À côté de la compagnie des Indes-Orientales florissait la compagnie des Indes-Occidentales. L’établissement de cette institution ne remonte qu’à 1621 : elle fut dissoute en 1674 et rétablie, par octroi des états-généraux, le 20 septembre de la même année. Cette société regardait du côté du Nouveau-Monde. La riche moisson que les découvertes des navigateurs faisaient éclore comme par enchantement dans les solitudes de l’Atlantique laissa tomber quelques gerbes entre les mains des vigoureux marins hollandais. Les principales colonies que possédait la compagnie des Indes-Occidentales étaient Surinam, Curaçao, Aruba et Bon-Aire. Les états de Zélande, auxquels la colonie de Surinam appartenait d’abord, en transportèrent la possession à la nouvelle société, qui, n’étant pas en état d’y envoyer elle-même tous les secours nécessaires, en céda un tiers aux magistrats d’Amsterdam et un autre tiers à M. d’Aarsen, seigneur de Sommelsdyk. Les productions de cette colonie étaient le sucre, le café, le cacao, le coton et l’indigo.

Outre ses établissemens en Amérique, la compagnie des Indes-Occidentales en possédait quelques autres en Afrique. Près du Cap-Vert, dans la petite île de Gorée, les forts de Goor et de Nassau lui étaient d’une grande importance pour protéger le commerce du Cap.

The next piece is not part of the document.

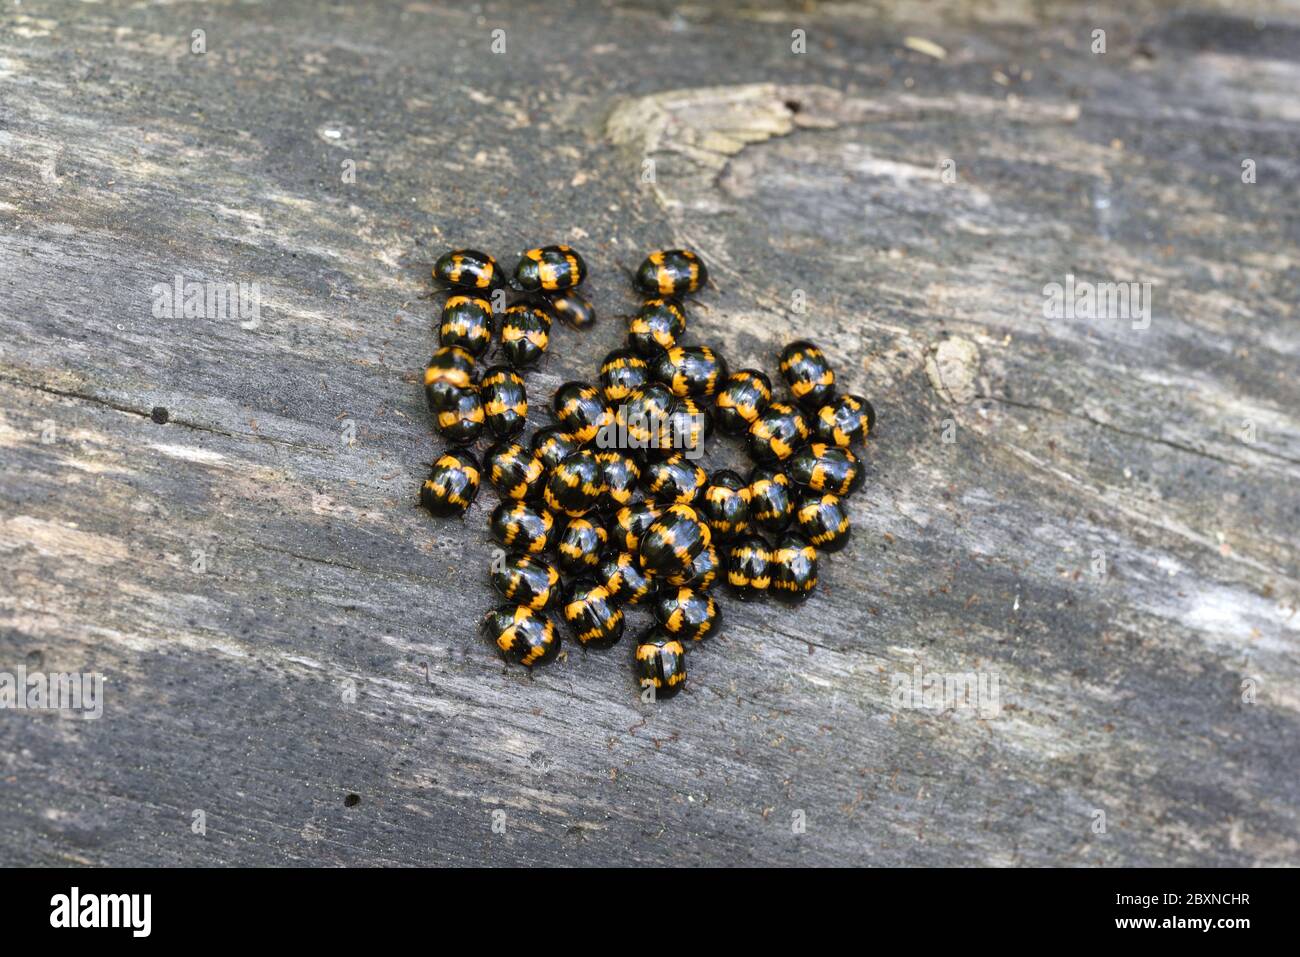 Aggregazione o gruppo di ladybirds di Harlequin, axyridis di Harmonia, aka ladybeetles asiatici, ladybirds asiatici multicolore o ladybeetles di Halloween Foto Stock

Sur la côte d’Or, elle tenait Saint-George-de-las-Minas et Nassau, elle commandait les forts d’Achem, de Darmbo, d’Acaro, de Sanca et de Benden. Cette compagnie traitait avec les indigènes depuis la côte d’Or jusqu’à la région des Cafres, dans les royaumes d’Aden, de Bénin, de Congo et d’Angora[1]. Elle ne permettait à personne de trafiquer sur les côtes de l’Afrique. En Amérique, au contraire, la compagnie ne faisait presque point d’expéditions pour son compte ; elle autorisait tout le monde à pratiquer le commerce des Indes-Occidentales, pourvu qu’on lui payât certains droits ; mais tous les navires, sans exception, étaient obligés de revenir en Hollande avec leur cargaison de retour. La direction était partagée entre cinq chambres, dont l’administration était confiée à cinquante-sept directeurs. Les Espagnols appelaient la Hollande l’araignée des mers. La métaphore est juste, si l’on veut dire qu’avec un très petit

  1. Les principales marchandises qu’elle tirait de ces régions étaient de l’or, de l’ivoire, des cuirs, des gommes, du riz, et, il faut bien le dire, des esclaves.